In this study, we successfully constructed the full-length mtDNA of P. globosa for the first time. It was a circular genome with a size of 43,585 bp, encoding 19 PCGs, 25 tRNA genes and two rRNA genes. Surprisingly it was found to contain two large-sized repeat regions of 6.7 kb and ∼14.0 kb in length, respectively. The combined length of these two repeat regions accounted for almost half of the entire mtDNA. The length and the repetitive nature of these two repeat regions made it challenging to construct the complete length of full-length mtDNA of P. globosa. Further analysis revealed that the repeat regions consisted of combinations of several of repeat units. To explore the nature of repeat sequences in other P. globosa strains, we have also constructed mtDNAs of four additional P. globosa strains (one from Beibu Gulf, China and three from Vietnam). Comparative analysis revealed that corresponding repeat regions were readily identified in all strains but with different lengths. A homologous repeat unit A was found to be prevalent among all P. globosa strains, but with different numbers of copies and length. In addition to differences in repeats, these mtDNAs also differed in gene structure rearrangement. Another surprising result identified in this project was the plasticity of the repeat regions of the mtDNAs of different P. globosa strains. Thus, repeats may be an important driving force of mtDNA evolution. In addition, the mtDNAs of different P. globosa strains showed variations, suggesting that the mtDNAs can be used as a super molecular marker for distinguishing different strains.

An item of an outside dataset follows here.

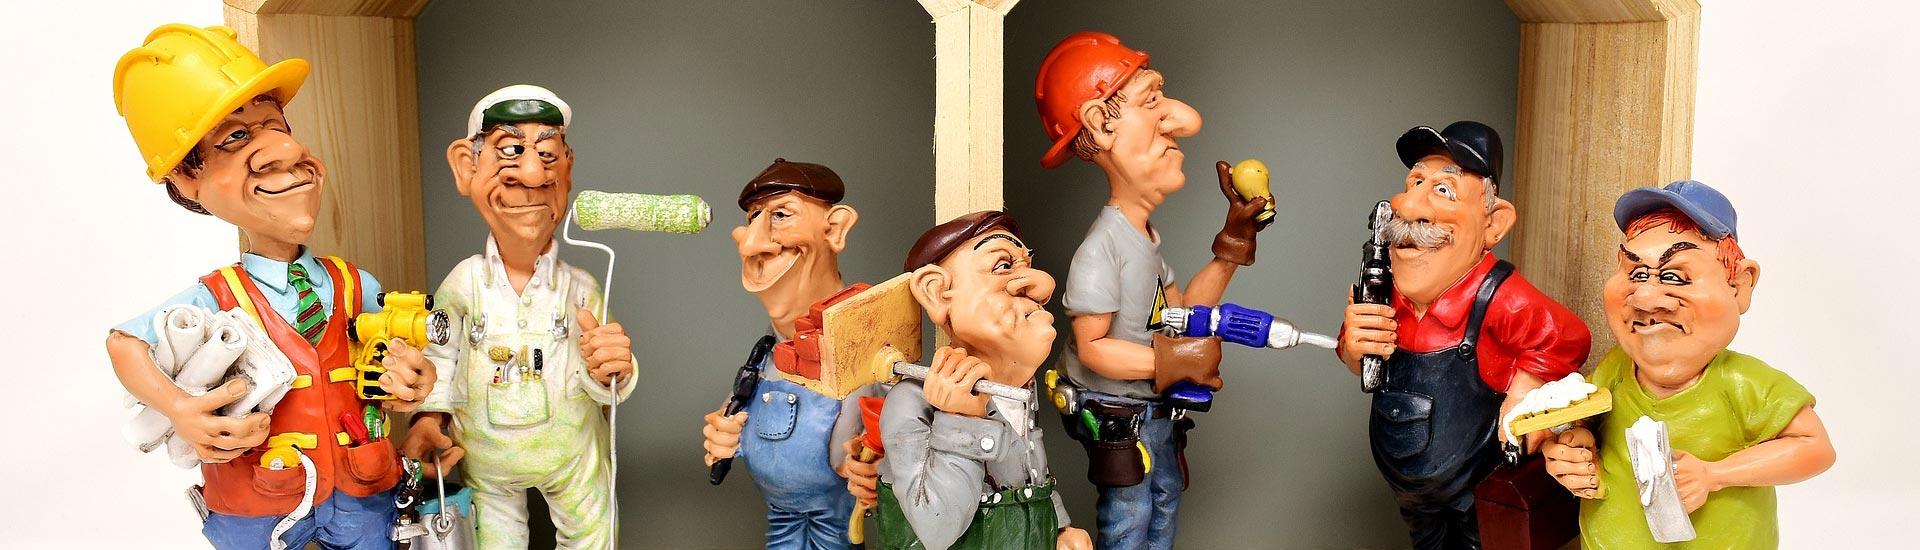 handwerker-header

Data Availability Statement

The original contributions presented in the study are publicly available. This data can be found here: https://www.ncbi.nlm.nih.gov/nuccore/MW435860,MW435863, MW435865,MW435861,MW435862; https://www.ncbi.nlm.nih. gov/nuccore/MN927483,MN927485,MN927500,MW575291,MW 575290, https://dataview.ncbi.nlm.nih.gov/object/SRR14711855, and http://www.ncbi.nlm.nih.gov/bioproject/732653.

Author Contributions

NC conceived of the project. HS and YC organized the strain selection, cultivation, DNA preparation, and genome sequencing. HS organized the assembly, annotation, quality control, and analyzed the data with suggestions from others. HS and NC wrote the manuscript with inputs from others. FL revised the manuscript. All authors read and approved the final version of the manuscript.

Funding

This research was supported by the National Key Research Development Program of China (Project No. 2017YFC1404302), the Strategic Priority Research Program of Chinese Academy of Sciences, Grant No. XDB42000000, the Chinese Academy of Sciences Pioneer Hundred Talents Program and the Taishan Scholar Project Special Fund to NC, and the Qingdao Innovation and Creation Plan (Talent Development Program - 5th Annual Pioneer and Innovator Leadership Award to NC, 19–3-2–16-zhc), and the Marine S&T Fund of Shandong Province for Pilot National Laboratory for Marine Science and Technology (Qingdao) (No. 2018SDKJ0504).

Conflict of Interest

The authors declare that the research was conducted in the absence of any commercial or financial relationships that could be construed as a potential conflict of interest.

Acknowledgments

We thank Zhiming Yu from the Institute of Oceanology, Chinese Academy of Sciences for the opportunity to participate in the field sampling. We thank Walker Smith and Rui Meng for their assistance in obtaining P. globosa sample from Vietnam coastal regions.

Supplementary Material

The Supplementary Material for this article can be found online at: https://www.frontiersin.org/articles/10.3389/fmicb.2021.676447/full#supplementary-material

Supplementary Figure 1 | The mitochondrion genomes content and synteny of P. antarctica strain CCMP1374 compared to that of strain CNS00066.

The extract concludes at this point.